W3C home > Mailing lists > Public > www-style@w3.org > April 2010

Re: transitions vs. animations

From: Perry Smith <pedzsan@gmail.com>
Date: Mon, 5 Apr 2010 15:30:52 -0500
Message-Id: <E8837A54-4A3B-4010-97E1-841265023DC3@gmail.com>
To: www-style@w3.org
We have :hover for when the mouse hovers.  We have essentially the
unadorned selector for the normal state.  I'm now beginning to
understand the resistance to on-entry or other event based styles.

I have some confusion with animations.  Perhaps the example below is
just someone making a mistake but if someone does:

@keyframes baduse {
  from { }
  30% { left: 80px; }
  60% { left: 120px; }
  to { left: 80px; }
}

This is the opposite of Simon's case, but my understand is that at the
end of the animation, the element would pop back to the original
position from the 80px position.

It would be nice if we could specify everything using percentages.
Note that we can already specify the time as a percentage.

For example:

@keyframes left-slide {
   from { }
   25% { left: 50%; }
   50% { left: 100%; }
   75% { left: 50%; }
   to { }
}

And it would be nice if we have another @ item for transitions.  I'll
use @transition.

Now, we have some ability to reuse pieces.

To understand my ideas, an animation starts in state A and ends in
state A even if that means a sudden jerk at the end.  A transition
starts in state A and ends in state B.  state A is the state of the
element before any animation or transition.  state B is the state
after all the transitions are completed.  (Essentially using the same
concepts or terms that the transitions and animations documents use
now in this area.)

So, lets say we have the left-slide @keyframes (above) and an
@transition that looks maybe like:

@transition slide-up-down {
   from { }
   25% { top: 25%; }
   50% { top: 50%; }
   75% { top: 75%; }
   to { top: 100% }
}

couple with two uses:

div /* normal */ {
   top: 100 px;
   left: 100 px;
   transition-sequence: slide-up-down 1s, left-slide 1s 50px
}

(I have some obvious inconsitences in that notation)

div:hover {
   top: 0px;
   left: 0px;
   transition-sequence: left-slide 1s 50px, slide-up-down 1s
}

When the user hovers the mouse, the div will
do a left-slide for 1 second by 50 px (which moves back and forth
once) and then it will slide up to the top=0 position.

When the user moves the mouse and stops the hover, the box will slide
down to the top=100 position over the course of 1 second, then it will
do a left slide by 50px (as specified in the normal div entry)

One new idea presented here is that using percentages in as many
places as possible allows for the transitions and animations to be
reused.  Their final amounts would be like parameters being passed in.
This only applies to animations since transitions already have a
"from" and a "to", it only needs a "how".  animations need a "how
much" that a transition does not have.  (This idea is not essential
to the other two ideas.)

The second new idea is an @keyframe type notation for transitions.

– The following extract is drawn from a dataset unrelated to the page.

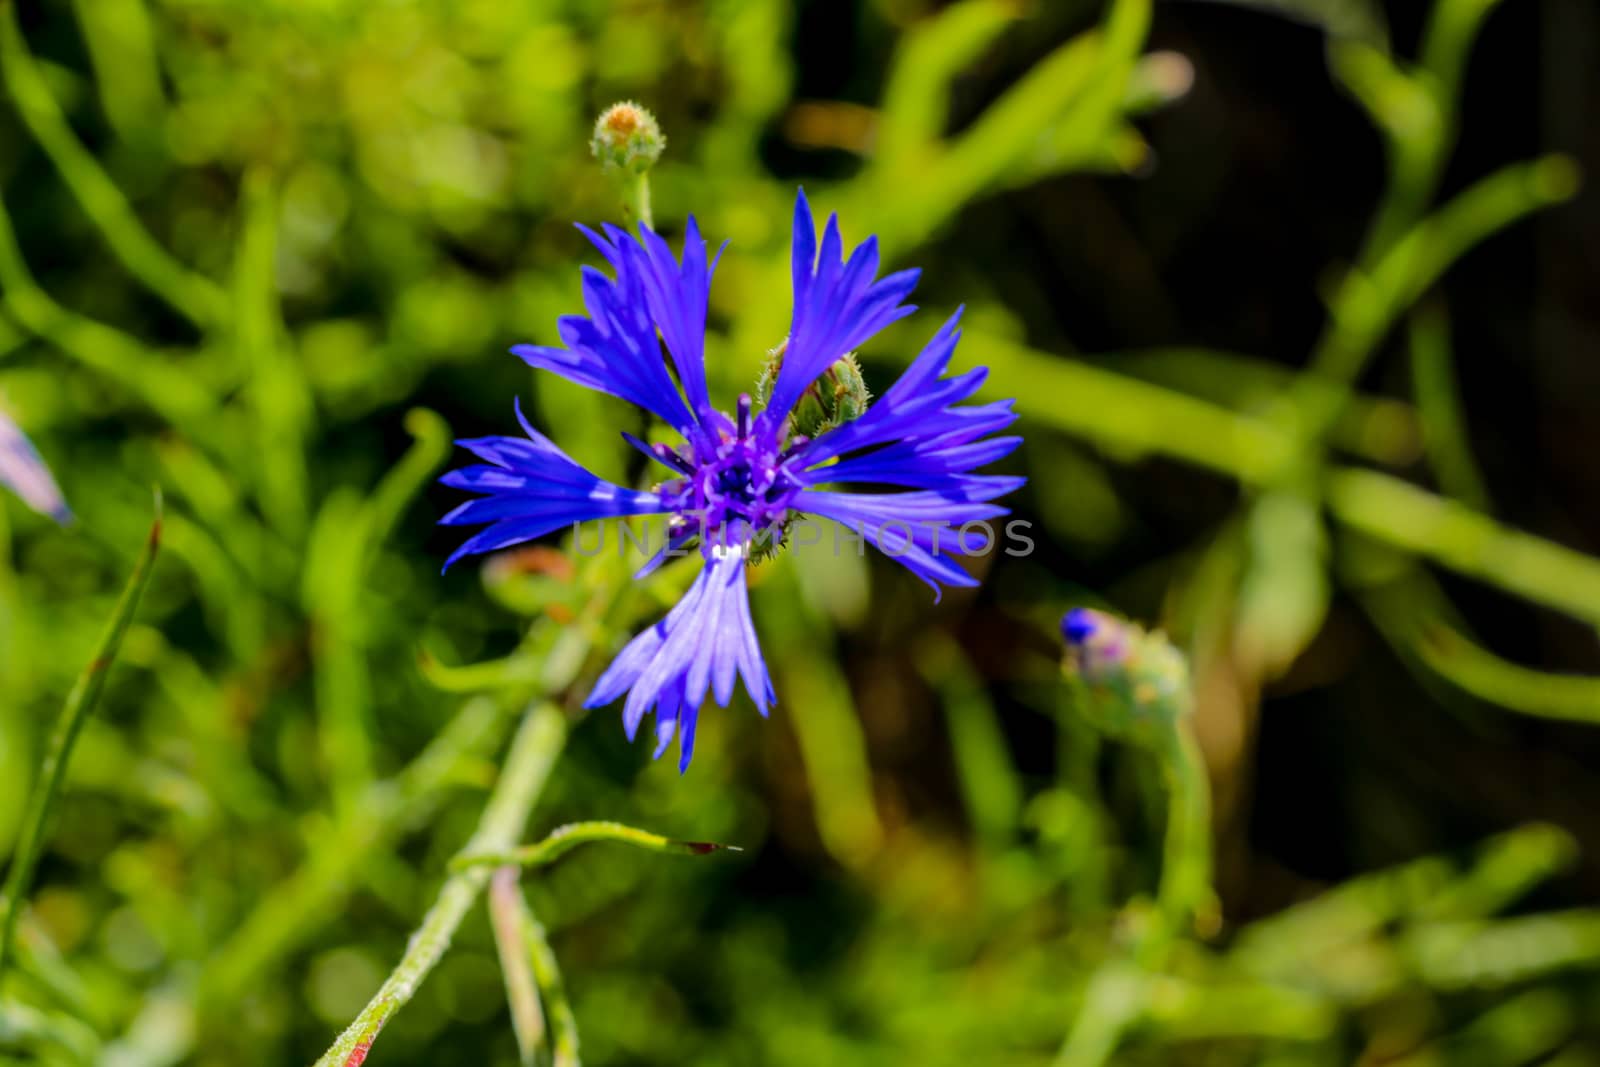 Knapweed blue flower in the garden green, close up. by kip02kas

The third (which is not new at all -- just a realization on my part)
is that the css for the normal state can specify the transition and
animation when that state is entered.  We don't need on-entry or
on-exit concepts.

The last idea is the 'transition-sequence' attribute to string a  
sequence
of them together where "them" includes animations.

There might also be a desire along with transition-sequence, to add a
"parallel" method so that multiple animations or transitions could be
done at the same time (i.e. move left and darken).  But, that ability
already exists by putting the parallel activies inside the @ block and
I believe that that will be more clear and easier to manage.